Jack Wilson opens the episode by highlighting the timeless relevance of Jane Austen's novels, emphasizing how her keen observations of human nature continue to resonate with readers across generations.
At [01:25], Jack introduces the episode's special guest, Janet Todd, and delves into an inspiring listener story from Nate, a long-time fan of the podcast.
Nate's Story:
Notable Quote:
"I haven’t read a book or a poem voluntarily in months. [...] Then after stopping for a couple years, I returned to your podcast and you have given me my strength back."
— Nate [01:04-02:10]
Jack's Response: Jack empathizes with Nate's experience, sharing his own proximity to academic pressures through his sister Emma's PhD journey. He acknowledges the difficulty of maintaining passion in academia and offers cautious advice about the dangers of fishing, recounting a cautionary tale about mishandling equipment leading to broken headlights.
Notable Quote:
"You have to confess and take your medicine. But that's a much tougher conversation to have to say."
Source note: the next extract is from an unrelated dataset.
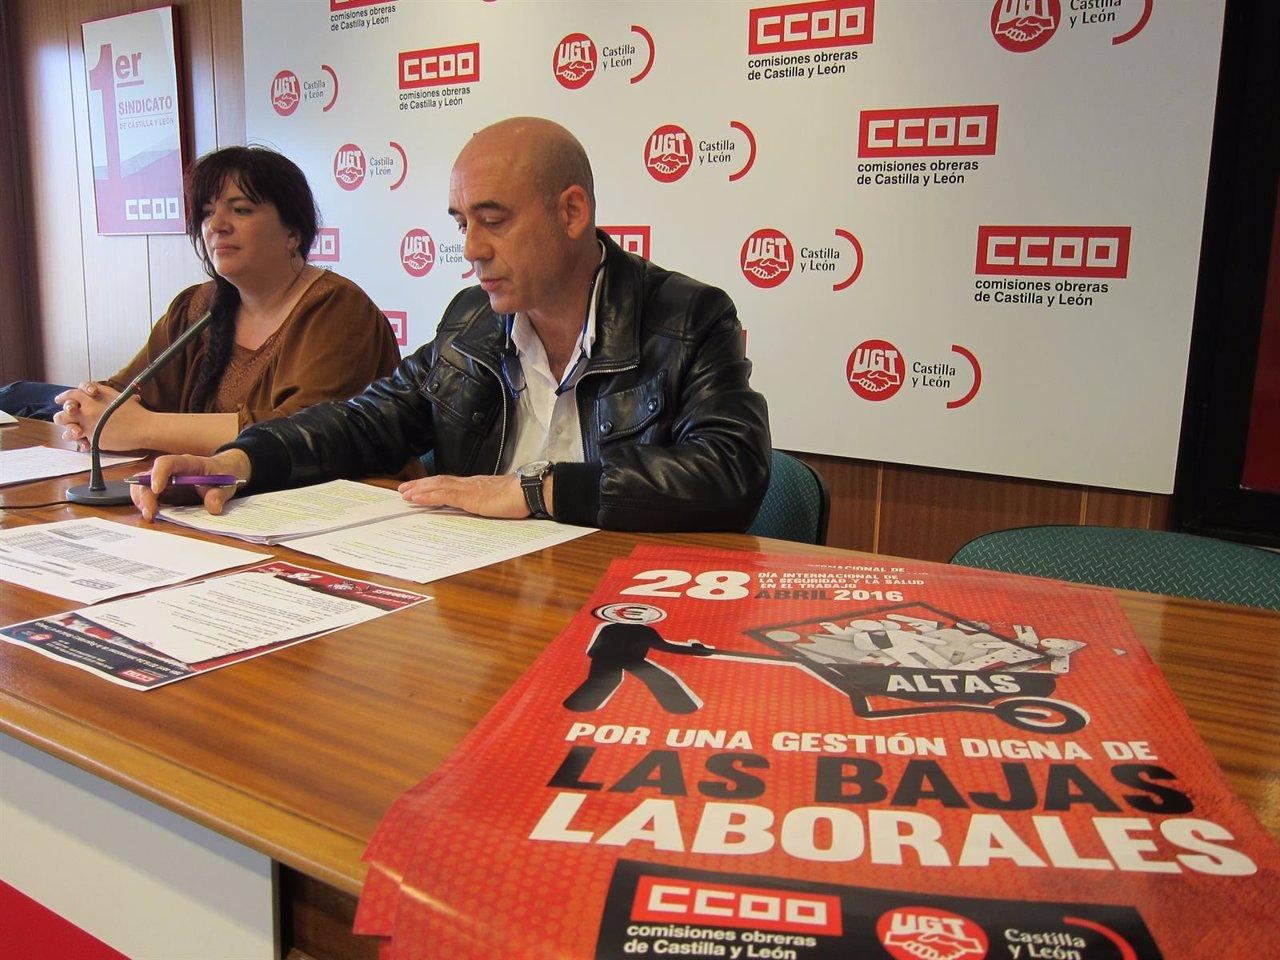 Pérez y Sanz Lubeiro presentan los actos del Día de la Salud Laboral

— Jack Wilson [05:59-06:22]
Transitioning from Nate's story, Jack presents concerning findings from a Nielsen and HarperCollins survey, as reported by The Guardian, indicating that less than half of parents enjoy reading to their children. The survey highlights a decline in parent-child reading sessions since 2012, attributing it to the rise of digital distractions and the perception of reading as a mere literacy skill rather than a joyous activity.
Notable Quote:
"Less than half of parents find it fun to read aloud to their children."
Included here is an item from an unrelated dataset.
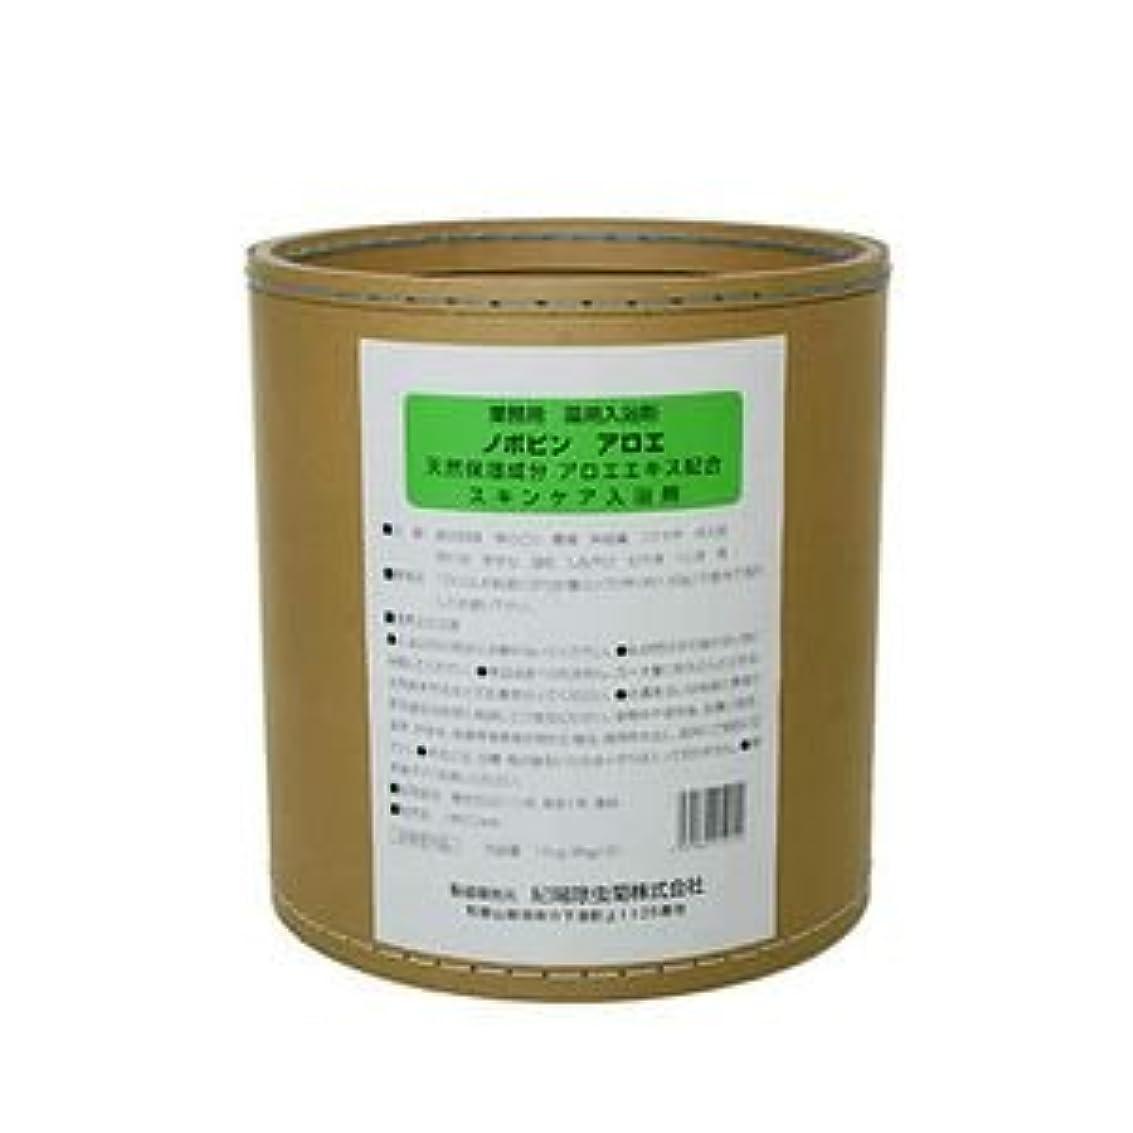 規則性トムオードリース突進業務用 ノボピン アロエ 8kg*2

— Jack Wilson [06:22-07:45]
Janet Todd's Insights: Janet reflects on her own parenting experiences, emphasizing the importance of personal connection over structured activities. She recounts reading to her own children from the womb and observing their early fascination with books, underscoring the lasting impact of shared literary experiences.
Notable Quote:
"Kids have their own minds and their own personalities and their own needs. [...] Spend that time. It goes so fast, but there's so much richness in there."
— Janet Todd [10:00-12:05]
Janet advocates for integrating reading into daily life in flexible ways—whether through audiobooks during car rides or finding moments to share stories that captivate children’s imaginations. She underscores the reciprocal benefits of this practice, highlighting how it fosters growth and mutual appreciation between parent and child.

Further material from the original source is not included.